Seems to me the idea of the “chart battle” is a fairly recent one, born out of a particular pop era. The excitement of the charts used to be less gladiatorial – you would hope your favourites would climb to the top, and maybe curse the rubbish that kept them off it, but nobody really talks about a “battle” between Engelbert and the Beatles, or Joe Dolce and Ultravox.

No, the battle is a creature of first-week-sales and known release dates: two records going “head to head” in the knowledge that the one which doesn’t make it won’t get a second crack at the top. Blur vs Oasis is the classic example: Sophie Ellis-Bextor vs Victoria Beckham another. If you can get a storyline in there, so much the better (for your sales too).

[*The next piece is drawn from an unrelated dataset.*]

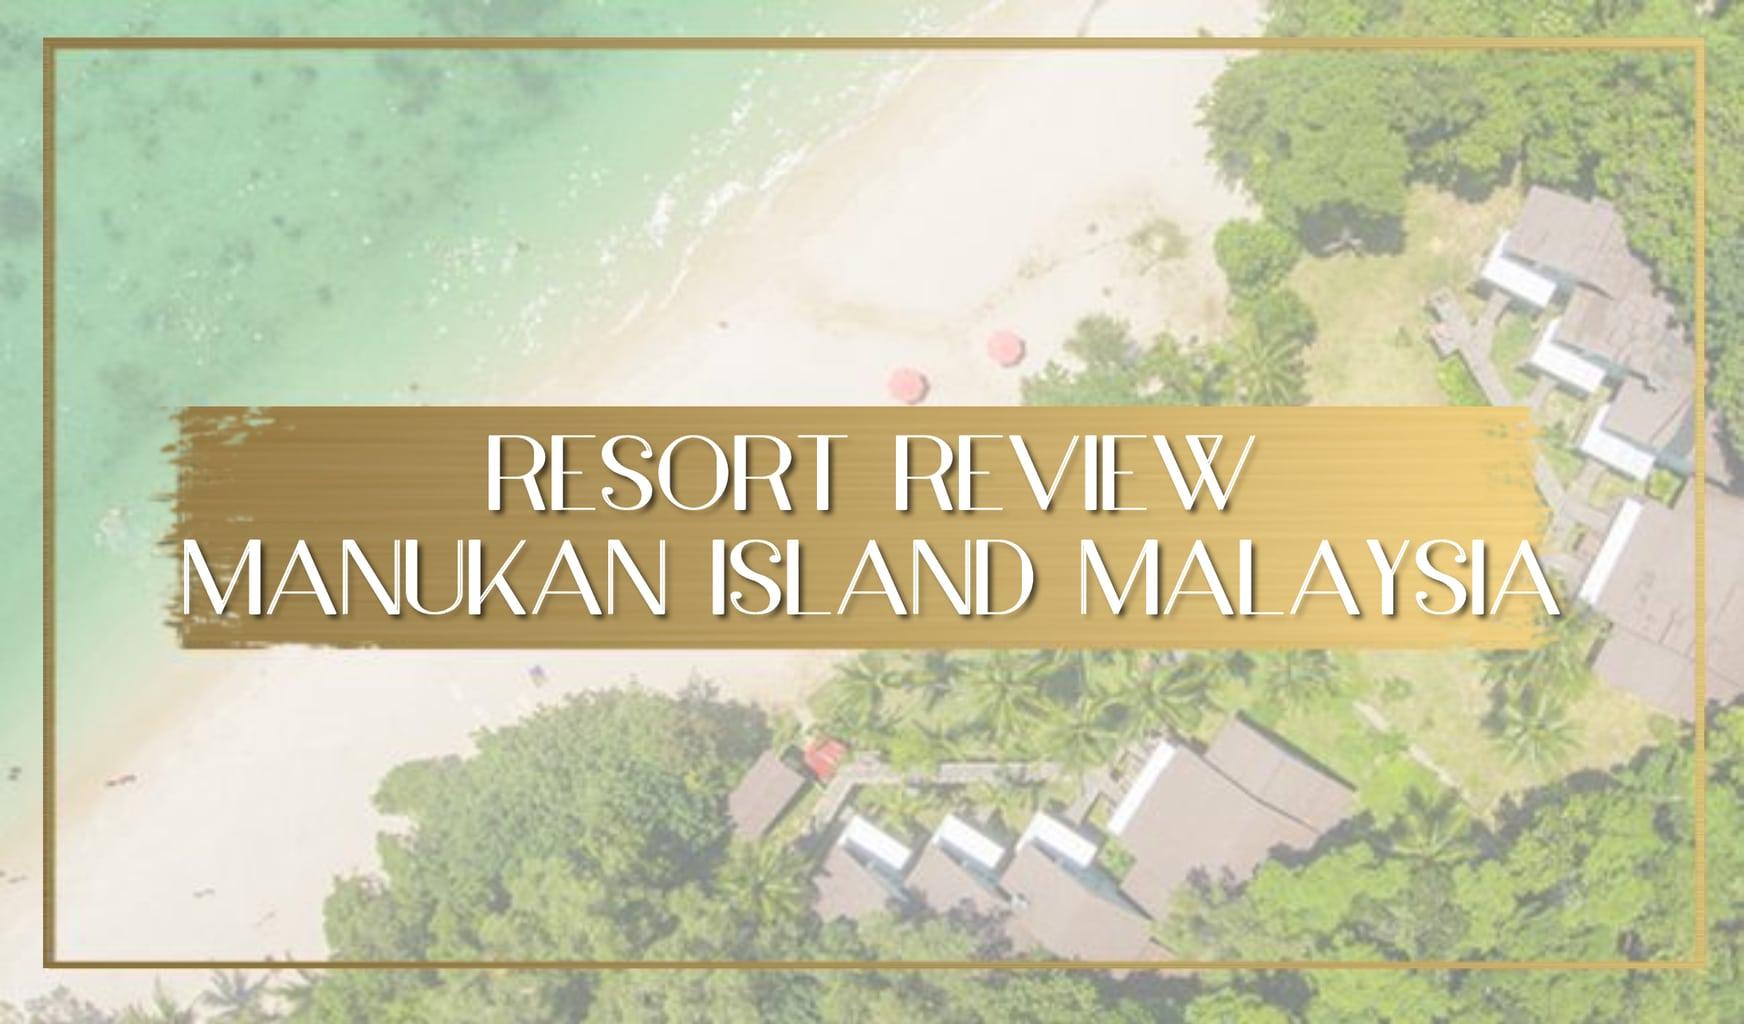 Manukan Island Resort review Malaysia main
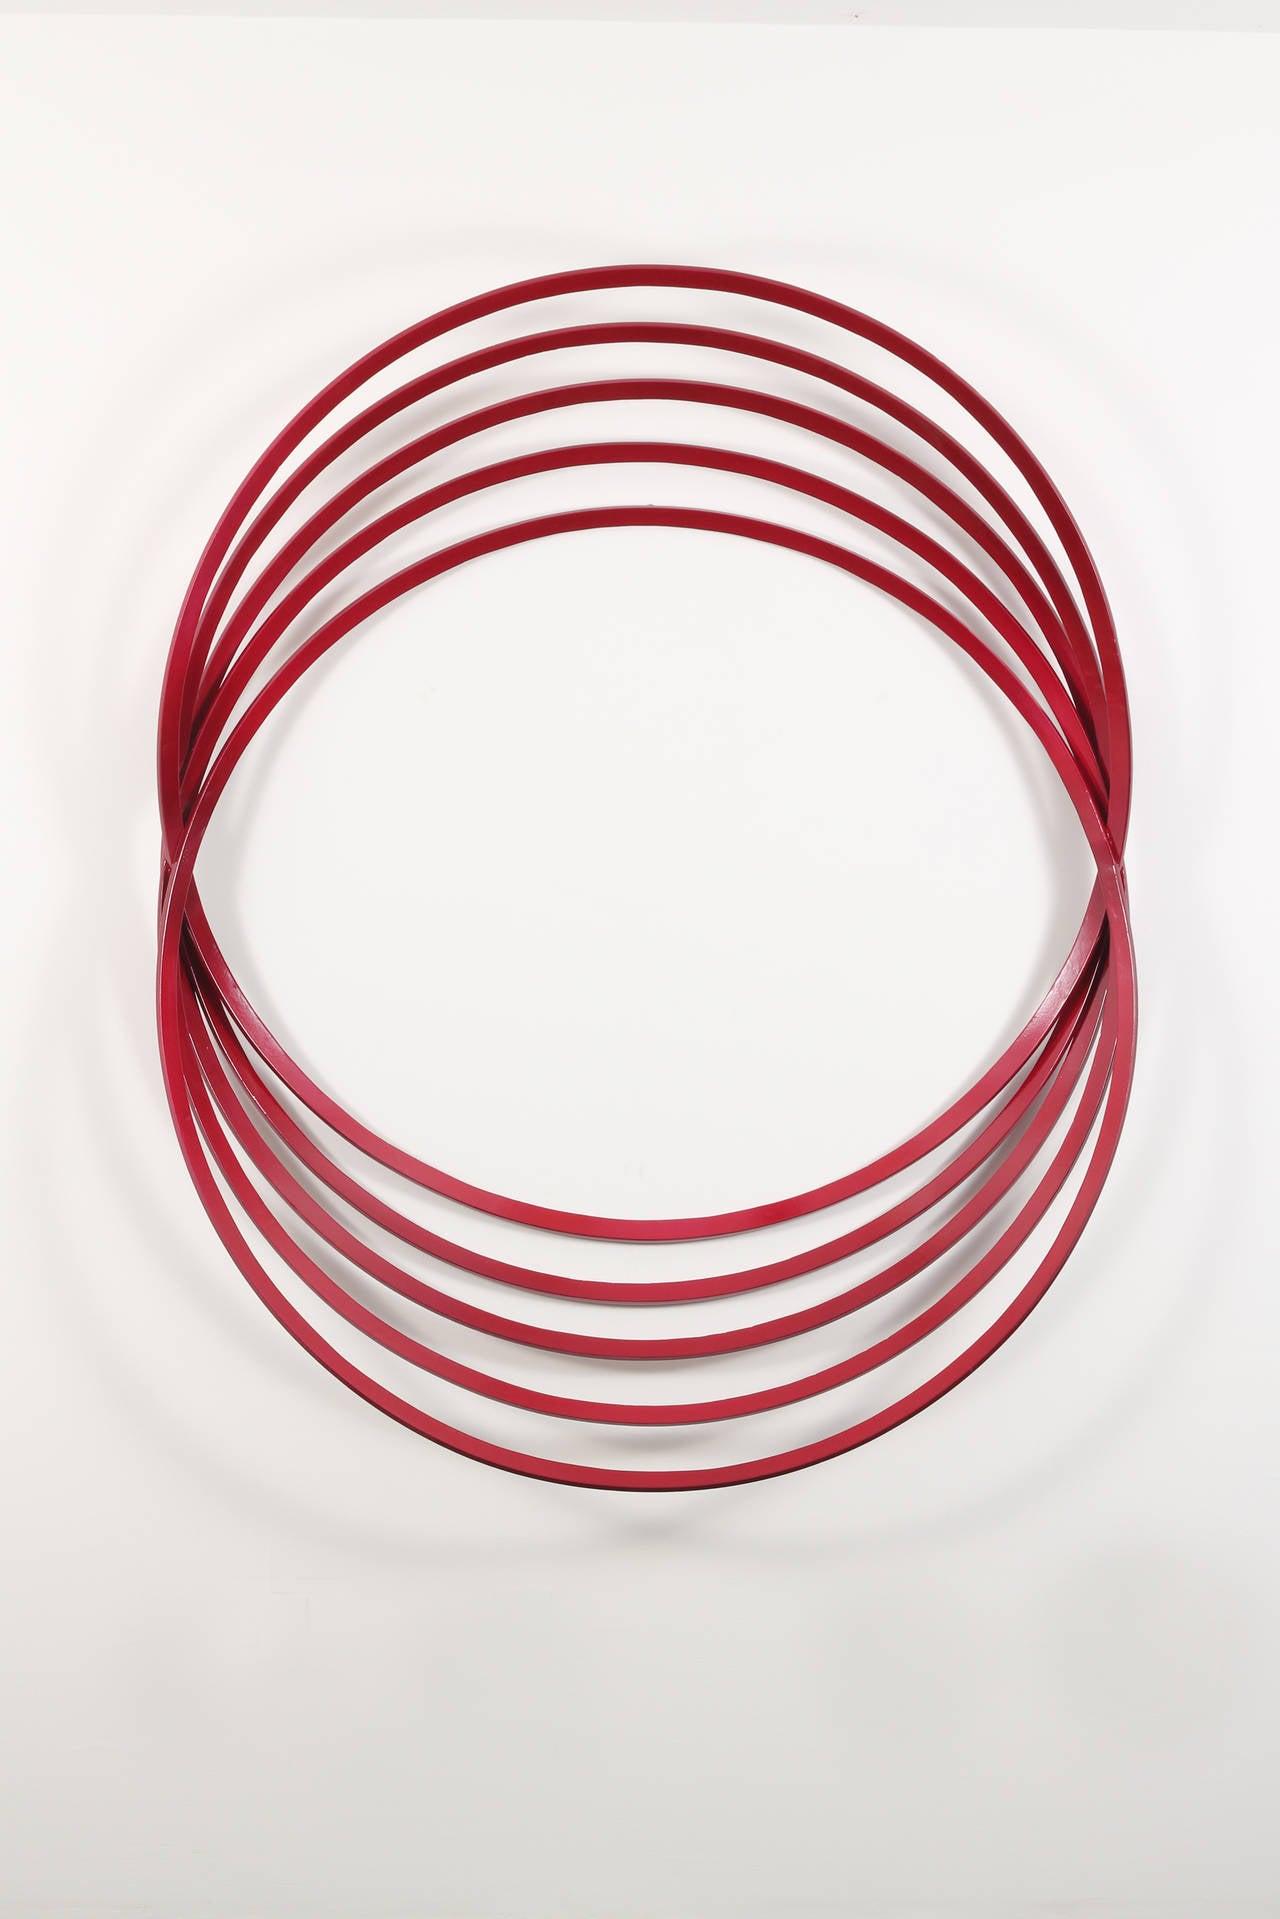 Erratic Color Red

It’s interesting to me that some people are seeing RATM v X-Factor as an enjoyable callback to those battles, because they’re an example of “chart culture” that for once doesn’t date from the golden age of the 70s and 80s. Instead it comes from the supposedly devalued Top 40s of the 90s and 00s. And in a tiny way this is important: after all, the story of the charts isn’t just the story of what’s popular: it’s the story of what being popular means, and the narrative that’s recently come to define that meaning is the one laid down by my generation, who grew up with records that gently rose and fell. But the rhetoric around the RATM one seems a bit younger, more in tune with a chart defined by head-to-head fights and big quick events.

Nostalgia for the Christmas No.1 is partly a nostalgia for all of this chart culture, old and less old – the Xmas Top Of The Pops is the only one that’s left, after all. The meaning of popularity is changing again, and the ways it’s expressed and recognised will change along with it. One irony of the X-Factor fight is that it’s surely keeping the Christmas single sales boost alive: physical copies now account for a minute fraction of single sales, and as far as I know few are giving MP3s for Xmas. When the present market goes, the resonance of “Christmas Number One” goes with it. We’ll have to find new places to do battle in.